Source data:

○ ○ ○

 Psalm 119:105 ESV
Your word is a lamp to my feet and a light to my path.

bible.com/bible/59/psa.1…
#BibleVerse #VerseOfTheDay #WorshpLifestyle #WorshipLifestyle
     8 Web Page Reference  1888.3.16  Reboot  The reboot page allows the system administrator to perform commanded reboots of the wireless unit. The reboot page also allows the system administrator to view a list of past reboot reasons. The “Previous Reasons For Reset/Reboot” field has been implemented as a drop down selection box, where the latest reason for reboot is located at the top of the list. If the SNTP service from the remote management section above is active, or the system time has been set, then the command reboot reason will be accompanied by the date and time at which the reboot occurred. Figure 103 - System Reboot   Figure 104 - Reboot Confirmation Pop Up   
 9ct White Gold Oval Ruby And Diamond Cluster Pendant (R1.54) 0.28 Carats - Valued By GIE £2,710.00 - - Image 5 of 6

○ ○ ○

Problem statement:
An exact transcription of all the records is required.

Solution to the problem:
 Psalm 119:105 ESV
Your word is a lamp to my feet and a light to my path.

bible.com/bible/59/psa.1…
#BibleVerse #VerseOfTheDay #WorshpLifestyle #WorshipLifestyle
     8 Web Page Reference  1888.3.16  Reboot  The reboot page allows the system administrator to perform commanded reboots of the wireless unit. The reboot page also allows the system administrator to view a list of past reboot reasons. The “Previous Reasons For Reset/Reboot” field has been implemented as a drop down selection box, where the latest reason for reboot is located at the top of the list. If the SNTP service from the remote management section above is active, or the system time has been set, then the command reboot reason will be accompanied by the date and time at which the reboot occurred. Figure 103 - System Reboot   Figure 104 - Reboot Confirmation Pop Up   
 9ct White Gold Oval Ruby And Diamond Cluster Pendant (R1.54) 0.28 Carats - Valued By GIE £2,710.00 - - Image 5 of 6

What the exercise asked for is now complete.